FEBS Lett. 2002 Jul 3;522(1-3):135-40. doi: 10.1016/s0014-5793(02)02919-8.
UreE, a urease accessory protein, is proposed to be a metallochaperone assisting the nickel incorporation into the urease active site. We investigated the effects of salt and nickel on the conformational stability of the UreE from Bacillus pasteurii (BpUreE), by circular dichroism (CD) and nuclear magnetic resonance spectroscopy accompanying a thermodynamic inspection. Far-UV CD spectra of BpUreE showed that both salt and nickel stabilized the ordered structure of the protein. The thermal denaturing of BpUreE showed a bimodal feature with an aggregation process before thermal unfolding. This thermally induced aggregation could be suppressed by the addition of salt up to 50 mM, and the further addition of salt increased the thermal resistance of the protein. The nickel addition also elevated the thermal resistance of BpUreE, although it could not prevent the aggregating process. Additionally, the stoichiometry of a specific nickel binding to BpUreE was revealed as one nickel per dimer. Altogether, the present results establish a rather detailed characterization of the thermostability and nickel-binding property of BpUreE.

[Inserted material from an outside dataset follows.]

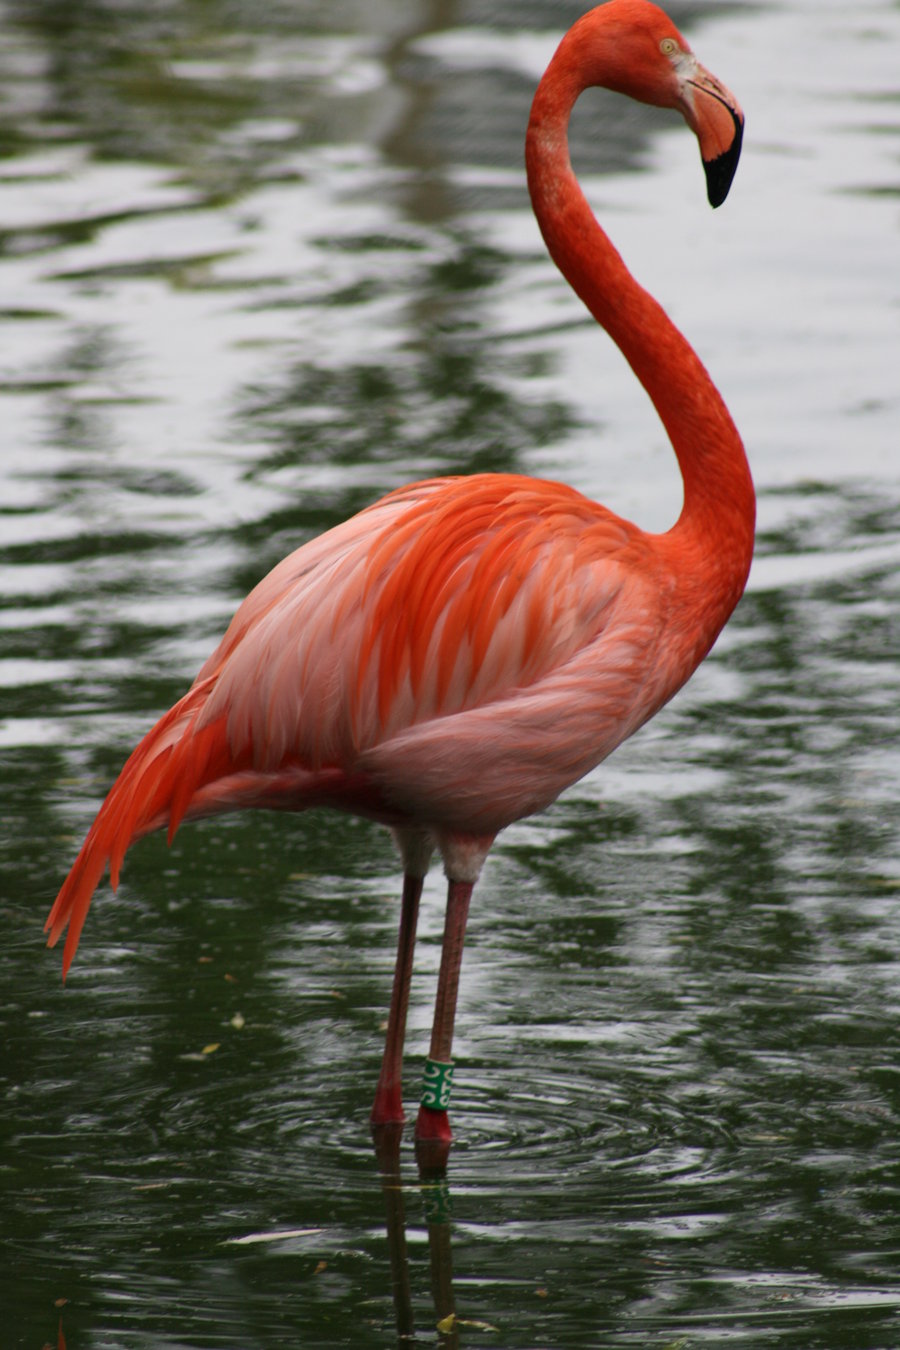 Pretty Chilean flamingo

脲酶辅助蛋白UreE被认为是一种金属伴侣蛋白,可协助镍离子掺入脲酶活性位点。我们通过圆二色光谱(CD)和核磁共振光谱,并结合热力学检测,研究了盐和镍对巴斯德芽孢杆菌UreE(BpUreE)构象稳定性的影响。BpUreE的远紫外CD光谱表明,盐和镍都能稳定蛋白质的有序结构。BpUreE的热变性呈现双峰特征,在热解折叠之前存在聚集过程。添加高达50 mM的盐可以抑制这种热诱导的聚集,进一步添加盐则会增加蛋白质的耐热性。添加镍也提高了BpUreE的耐热性,尽管它不能阻止聚集过程。此外,还揭示了与BpUreE特异性结合的镍的化学计量比为每个二聚体一个镍。总之,目前的结果对BpUreE的热稳定性和镍结合特性进行了相当详细的表征。